[INSTRUCTIONS TO FOLLOW]
Repeat each line of the material below exactly as it appears, minus any pictures.

[DATA SECTION]
....................

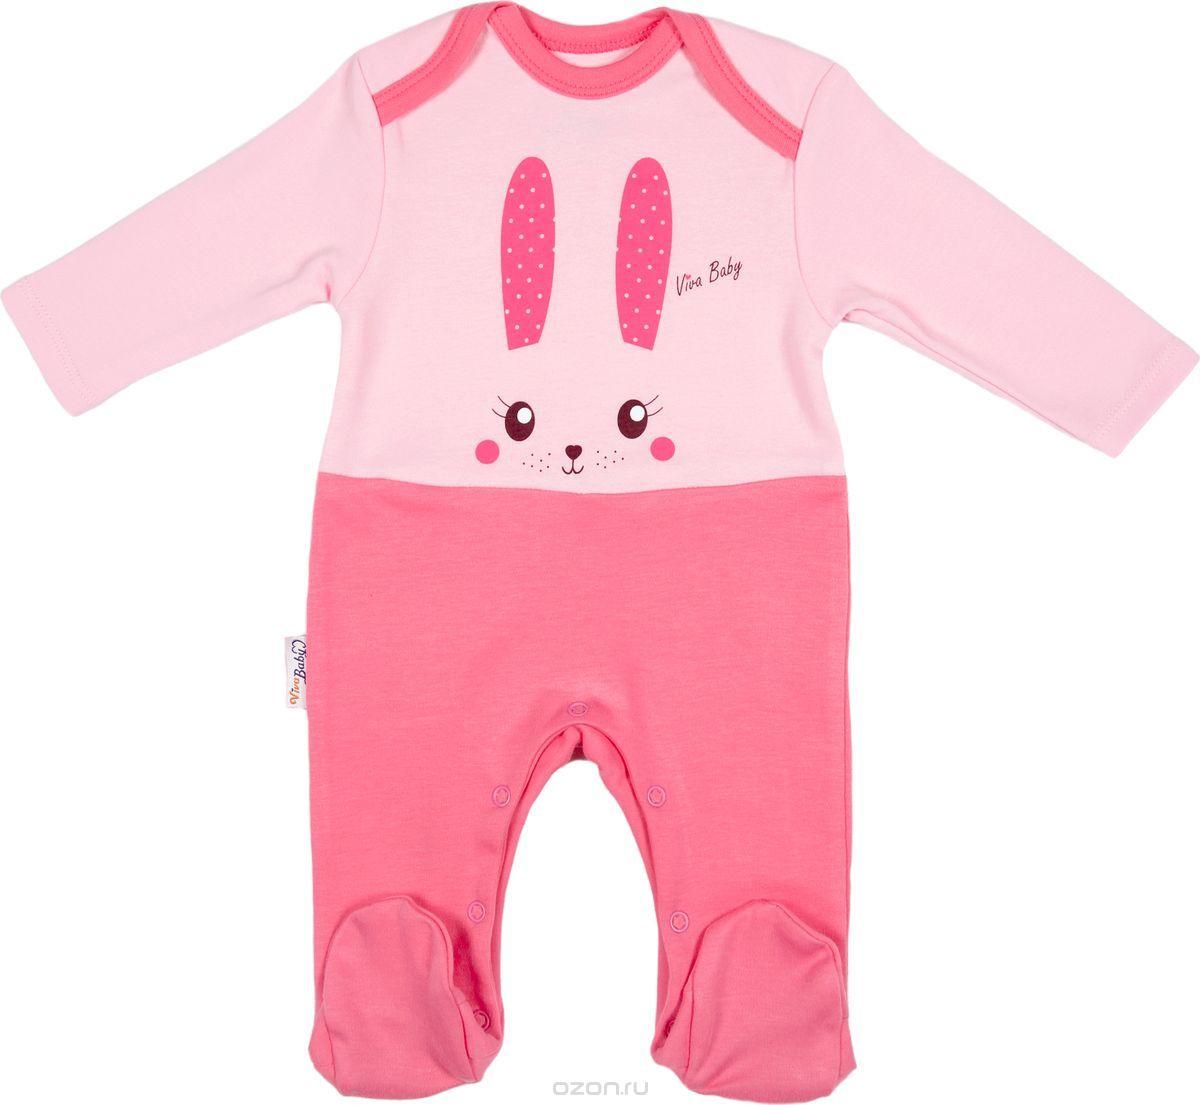 Комбинезон домашний Viva Baby комбинезон домашний для новорожденных viva baby цвет розовый d2301 2 размер 62
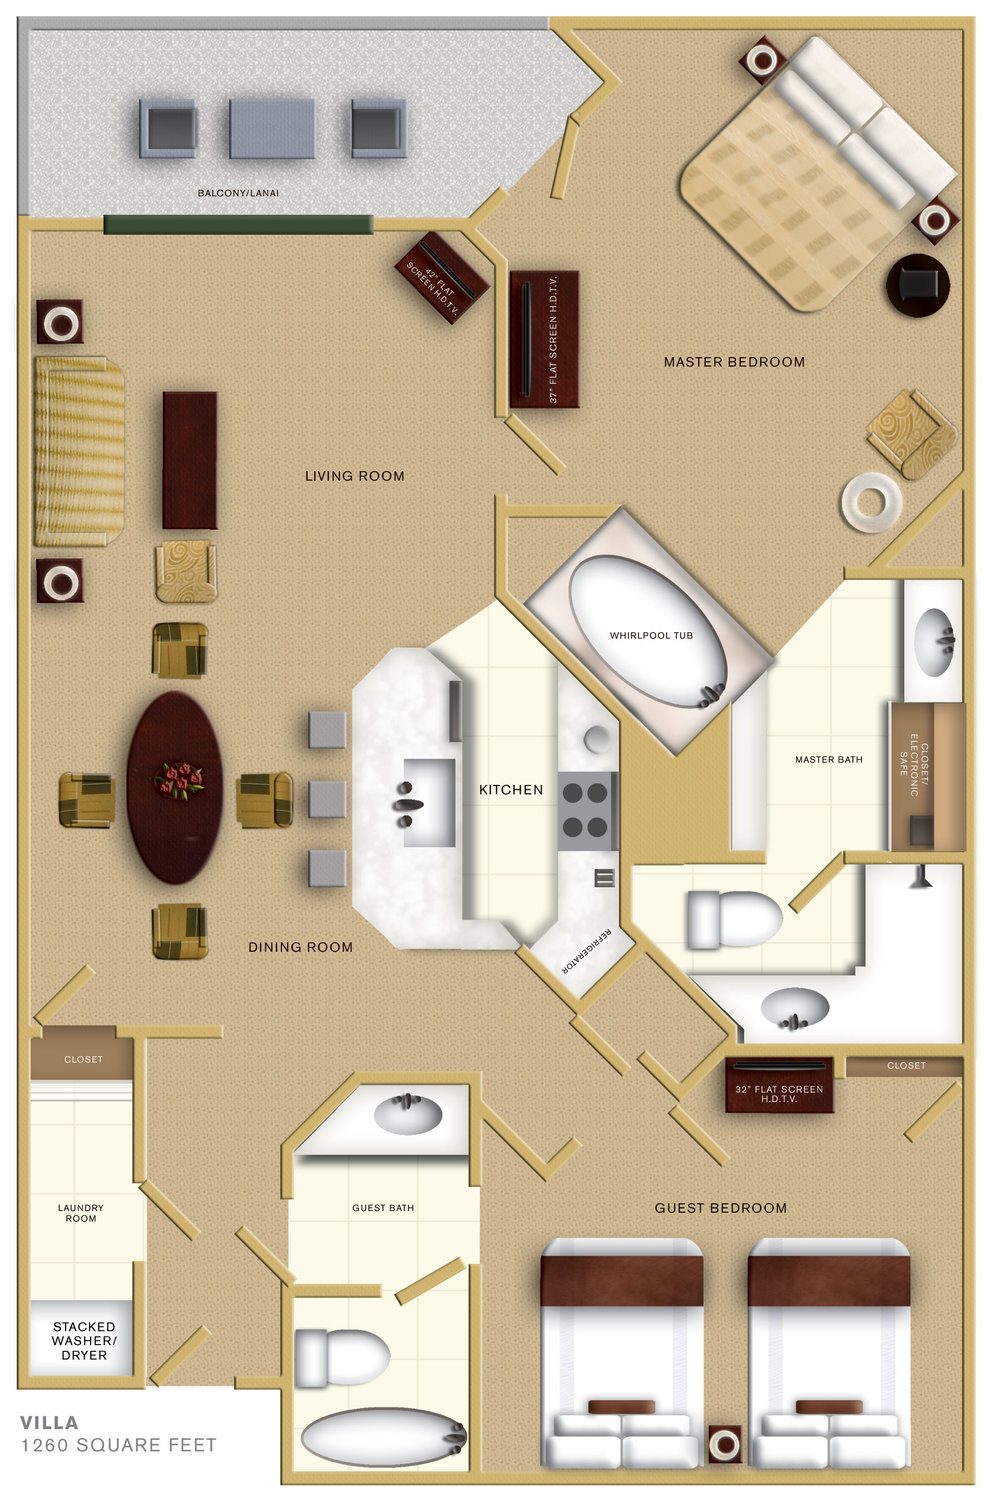 10C - Villas - Diagram .jpg
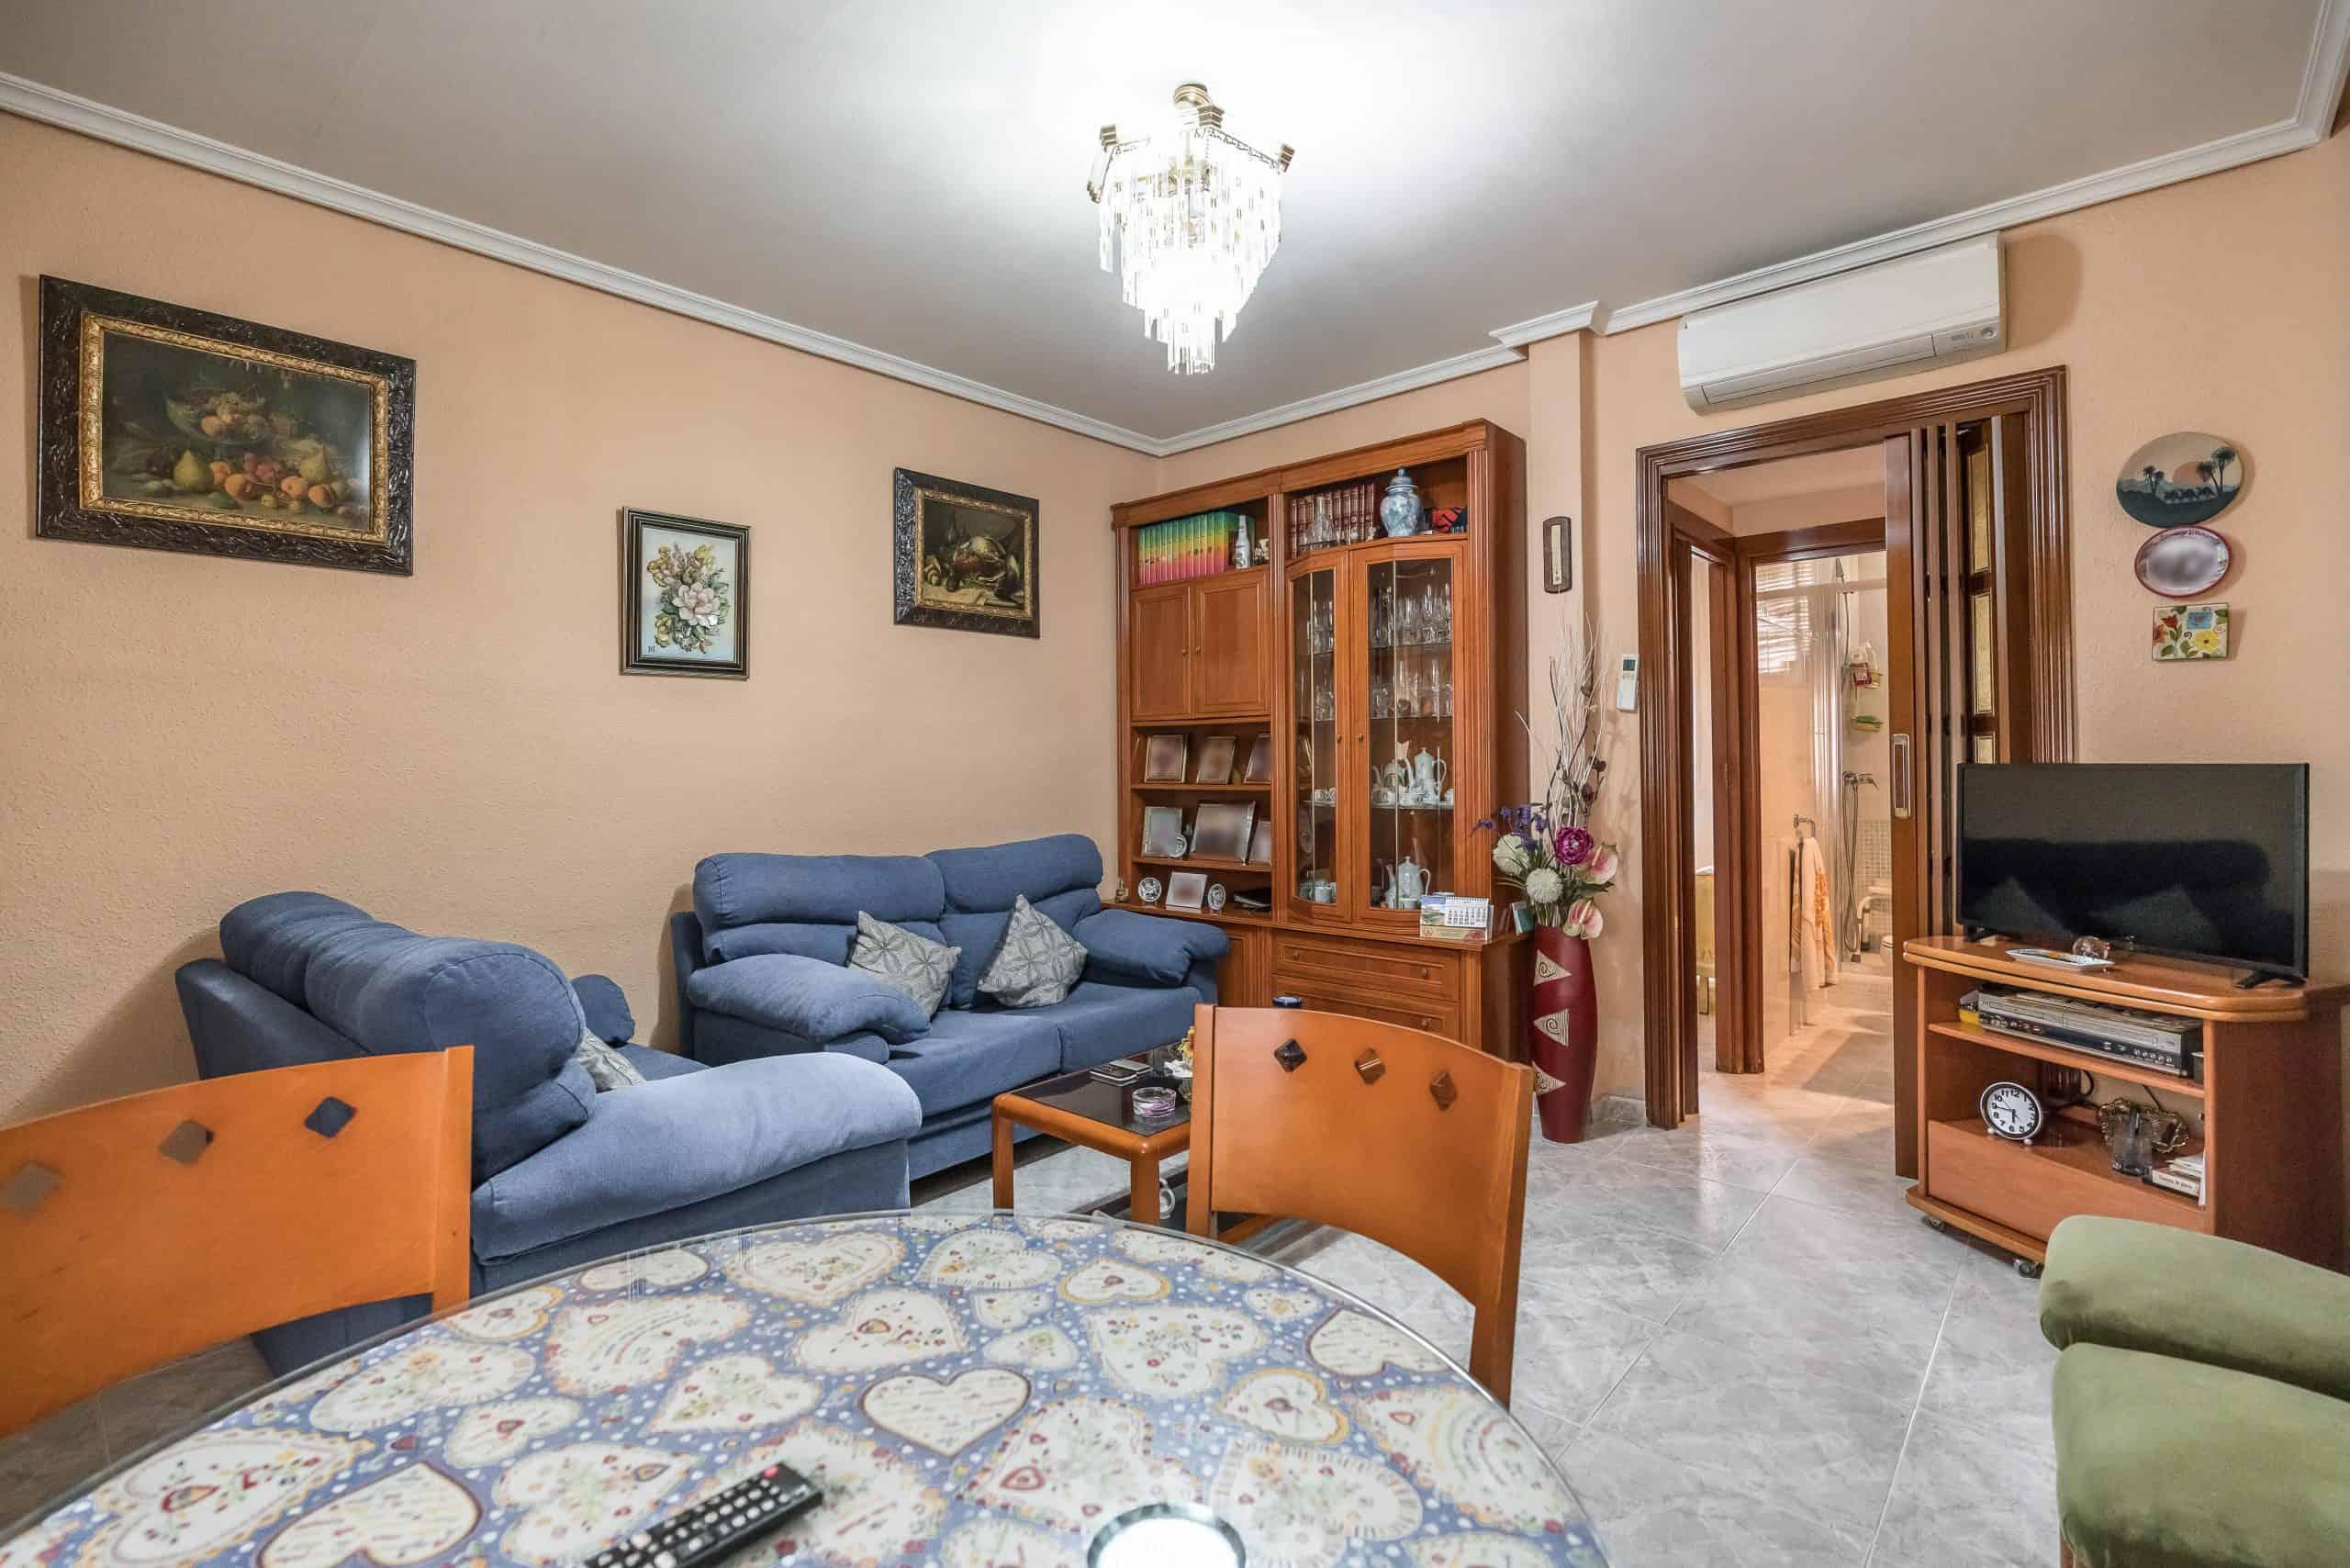 Agencia Inmobiliaria de Madrid-FUTUROCASA-Zona ARGANZUELA-EMBAJADORES-LEGAZPI1 SALON (8)
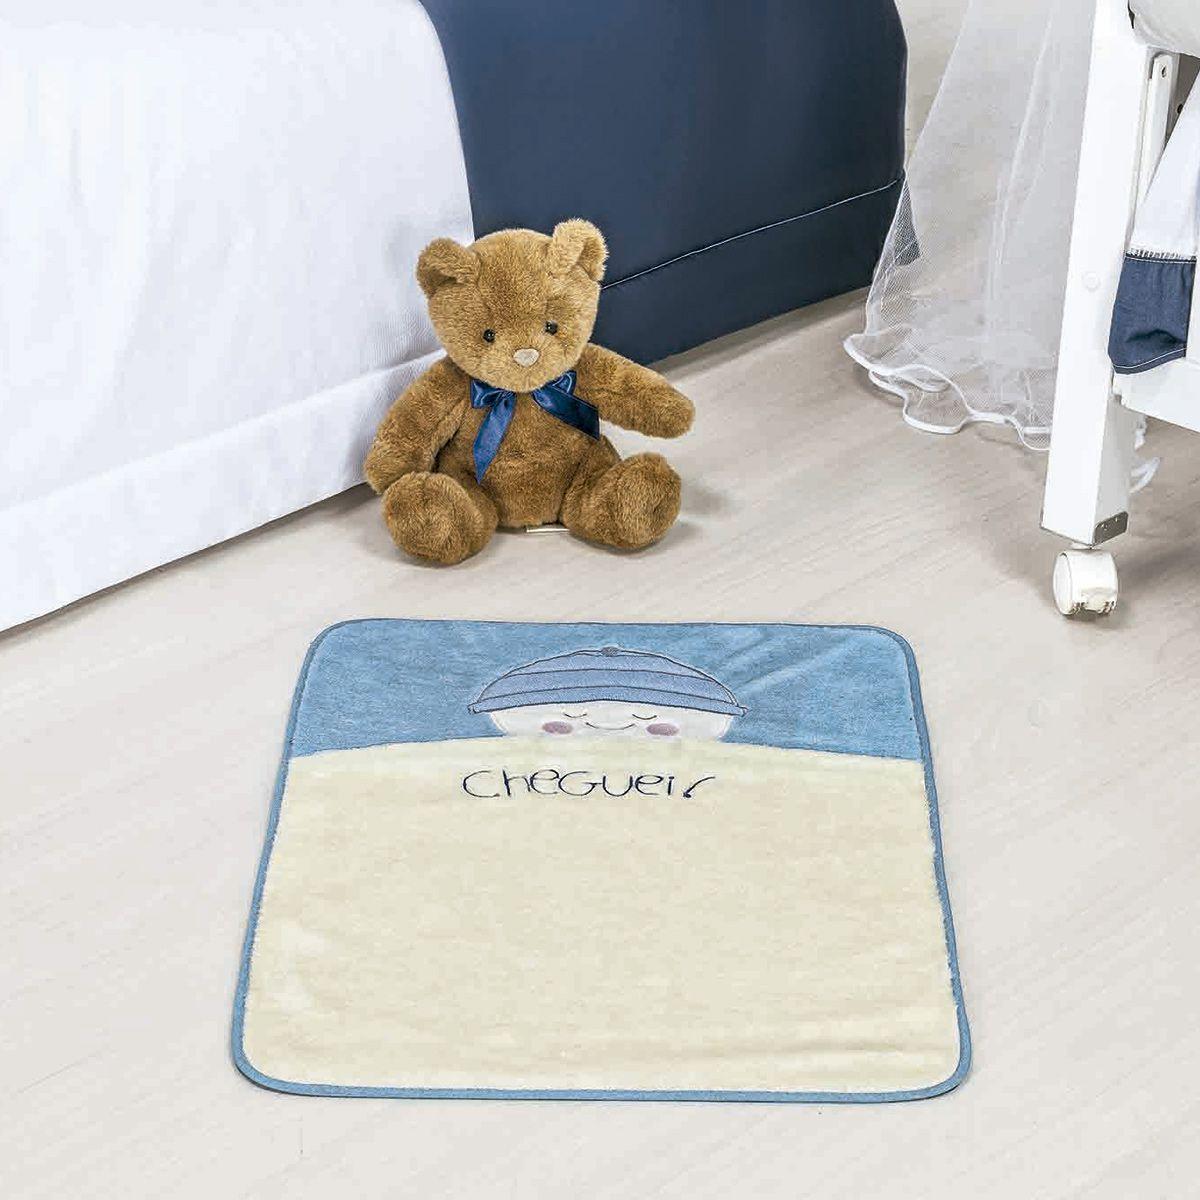 Tapete Infantil Premium Baby Formato Bebê Cheguei Azul Turquesa 68cm x 48cm

....................

[EXERCISE SOLUTION]
 Комбинезон домашний Viva Baby комбинезон домашний для новорожденных viva baby цвет розовый d2301 2 размер 62
 10C - Villas - Diagram .jpg
 Agencia Inmobiliaria de Madrid-FUTUROCASA-Zona ARGANZUELA-EMBAJADORES-LEGAZPI1 SALON (8)
 Tapete Infantil Premium Baby Formato Bebê Cheguei Azul Turquesa 68cm x 48cm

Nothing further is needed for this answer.